EXERCISE AIM.
A full, word-for-word copy of the listing below is needed; leave the images out of it.

COLLECTED DATA.
###
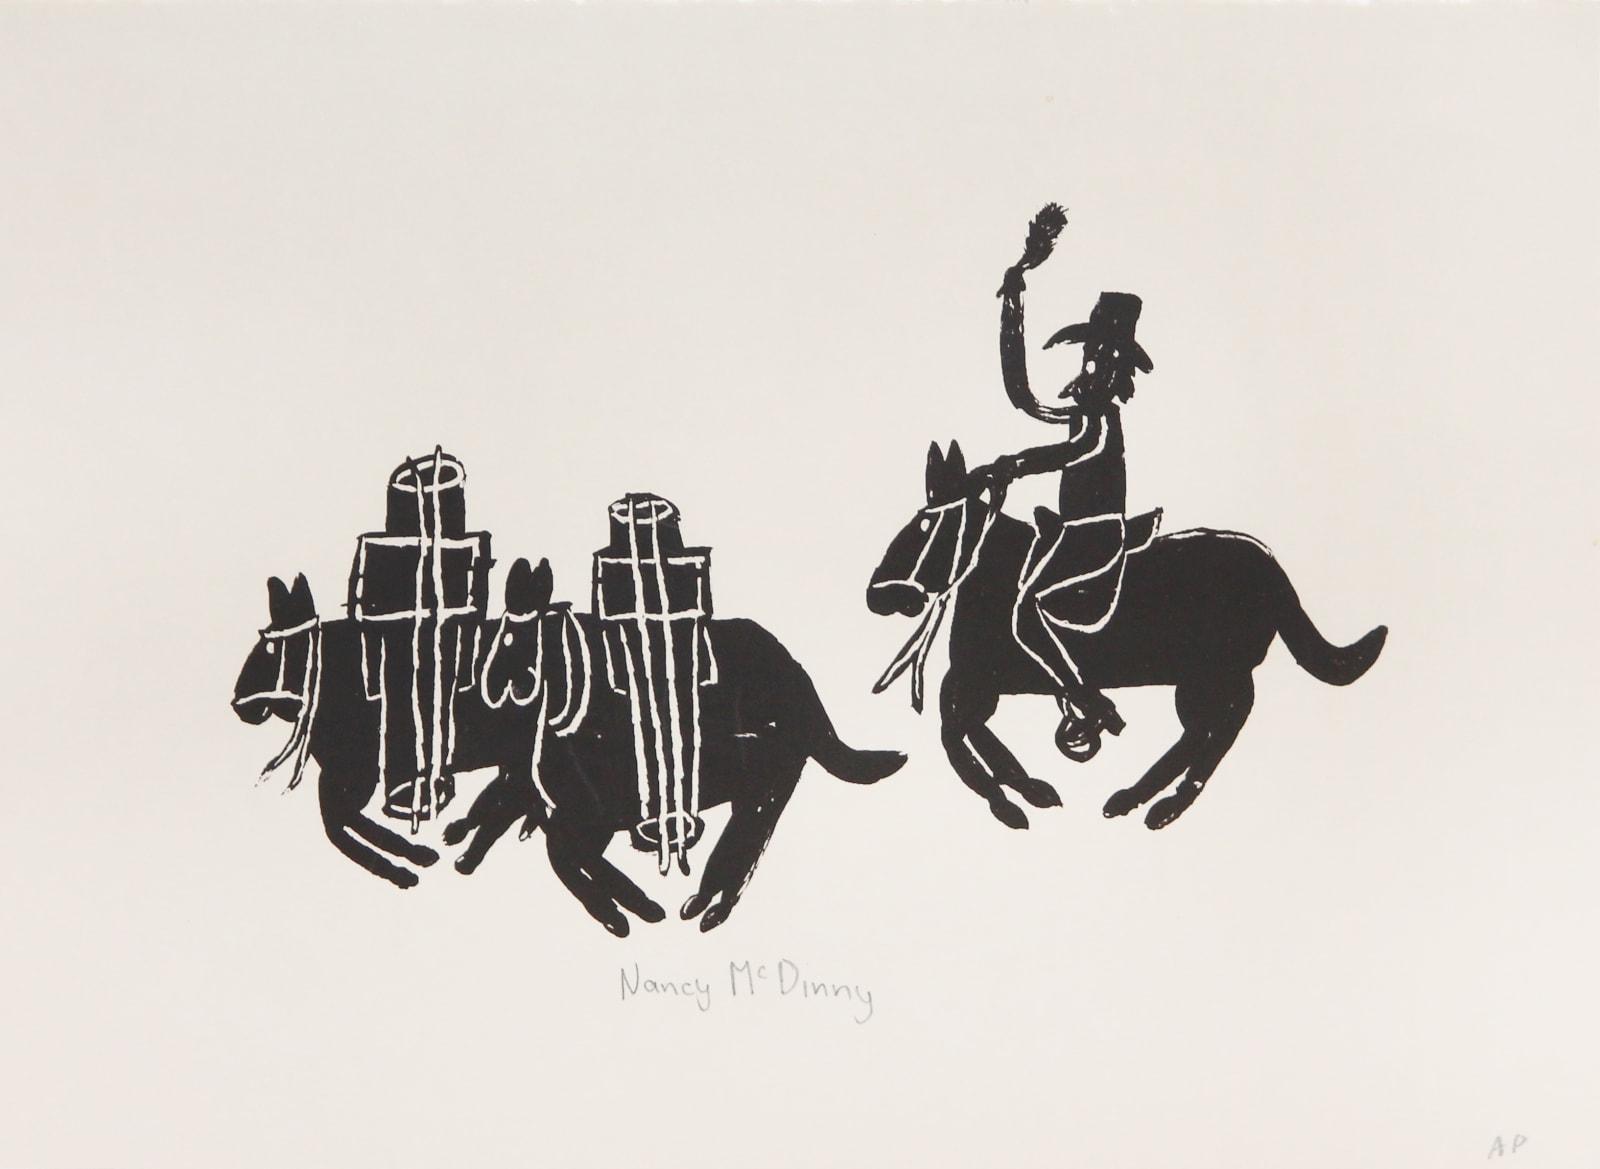 Nancy Mcdinny, Pack Horse and Saddler, 2009
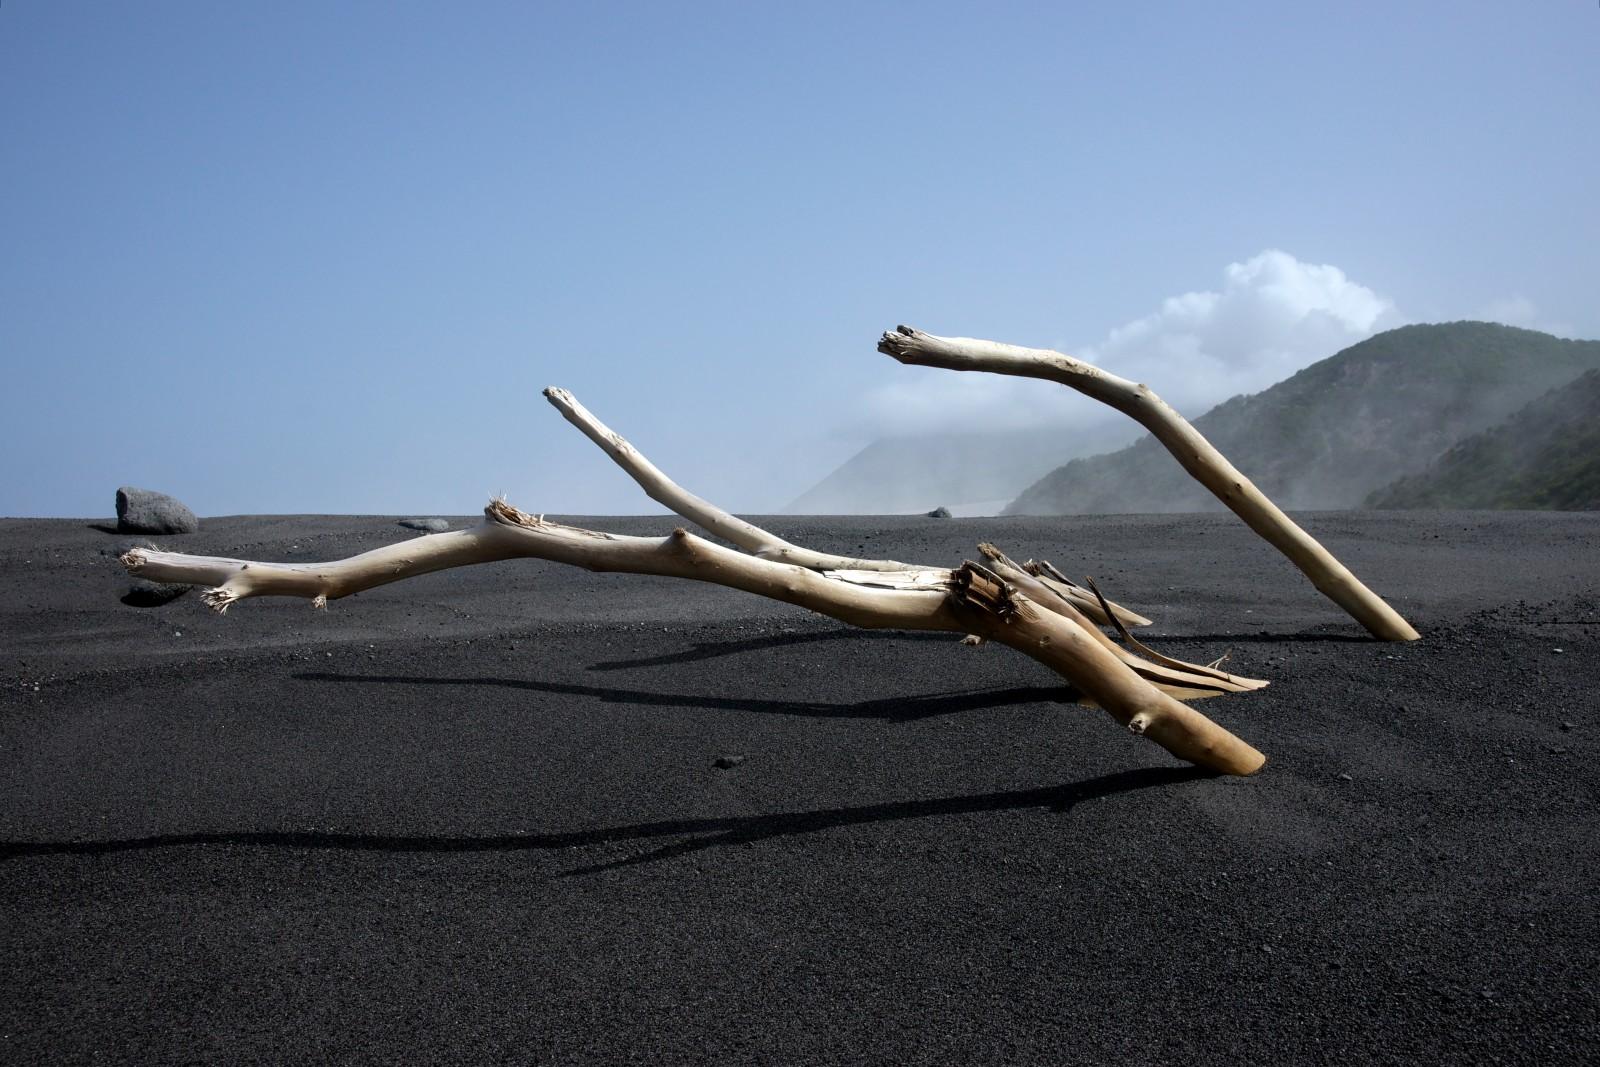 Pyroclastic flow, Montserrat. Credit: Alan Linde (distributed via imaggeo.egu.eu)
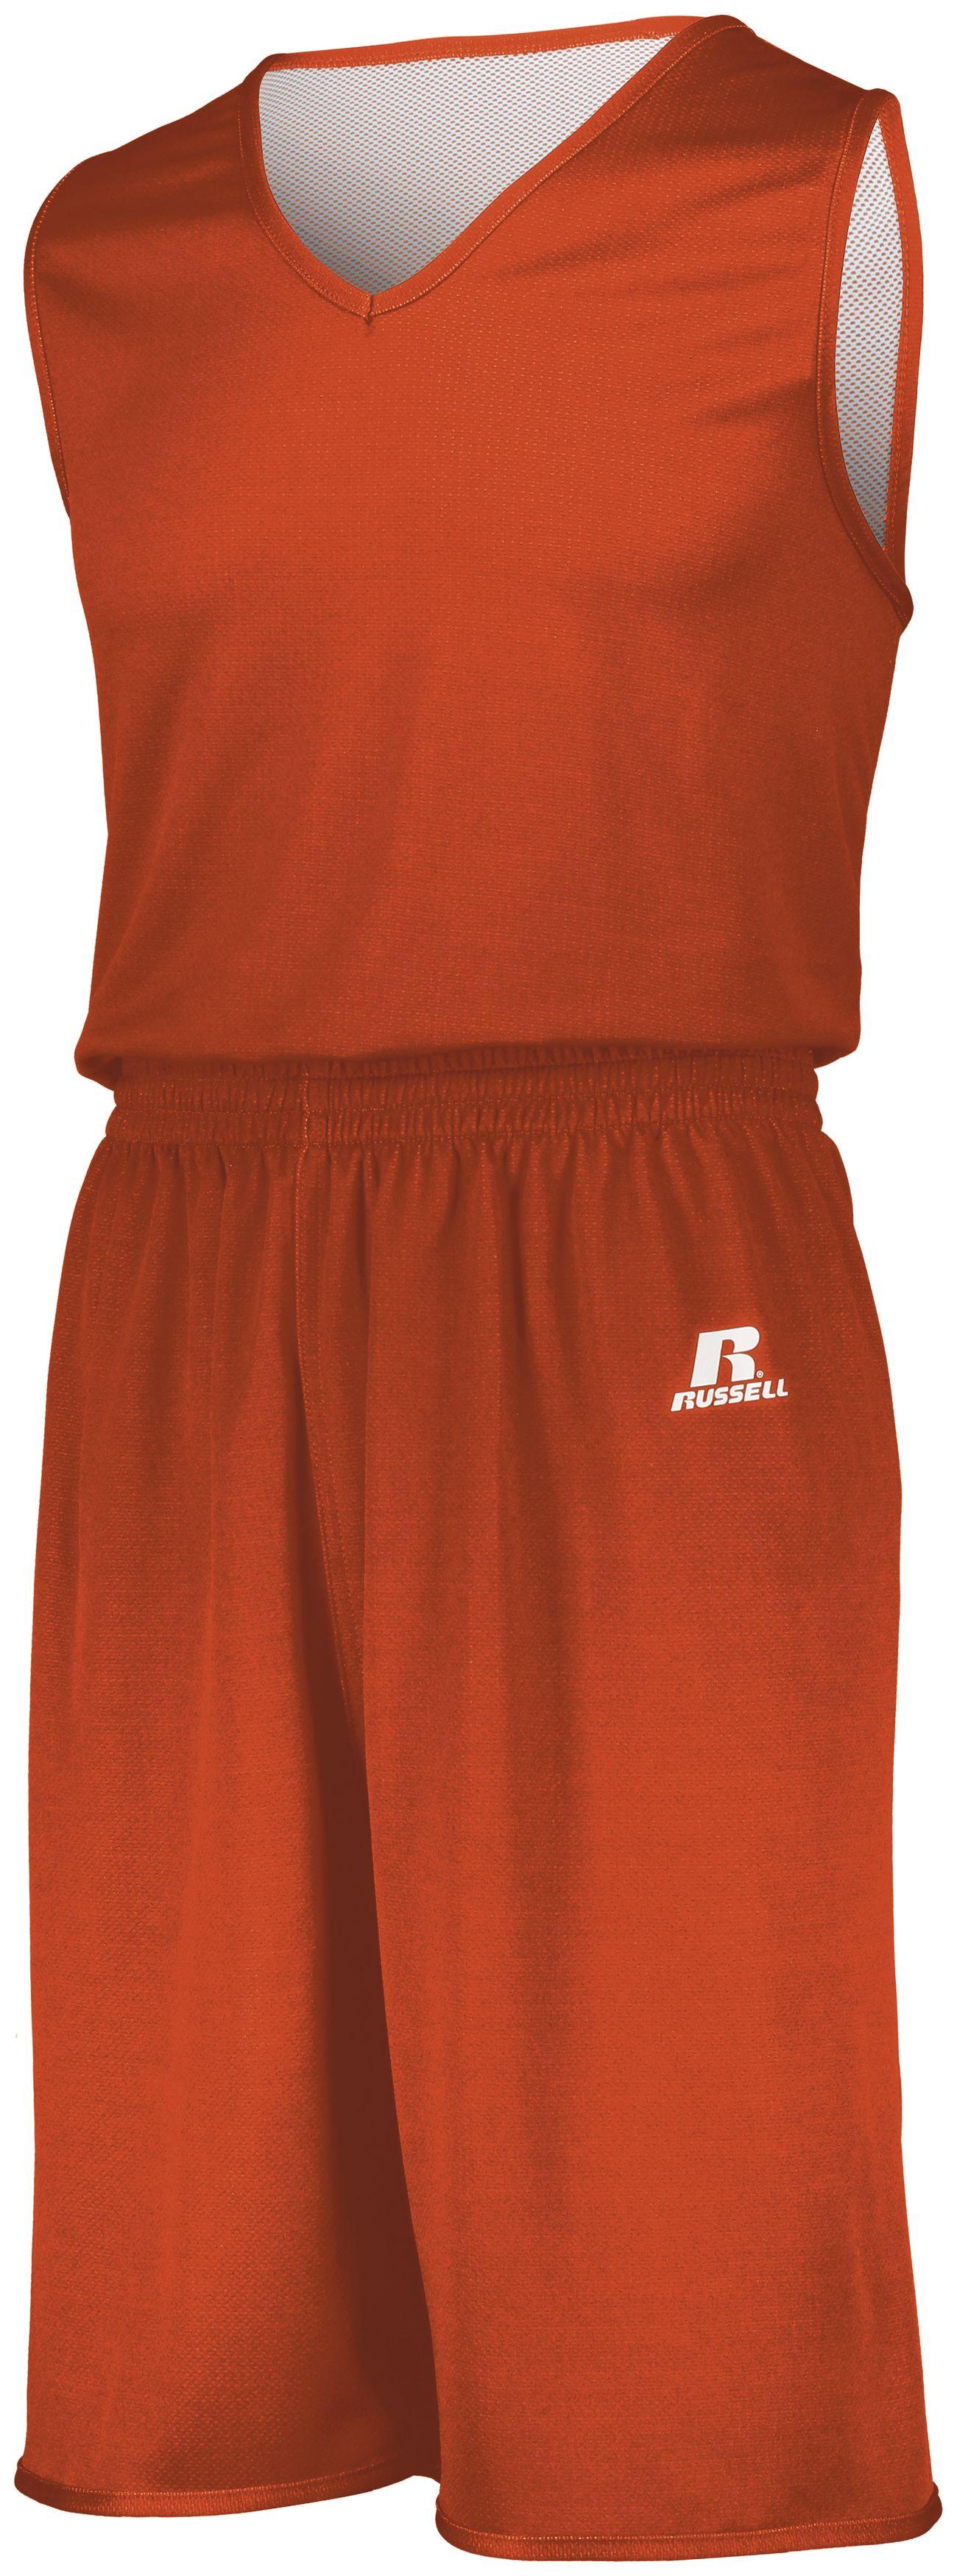 Youth Undivided Solid Single Ply Reversible Shorts - BURNT ORANGE/WHITE
###
OUTPUT.
 Nancy Mcdinny, Pack Horse and Saddler, 2009
 Pyroclastic flow, Montserrat. Credit: Alan Linde (distributed via imaggeo.egu.eu)
 Youth Undivided Solid Single Ply Reversible Shorts - BURNT ORANGE/WHITE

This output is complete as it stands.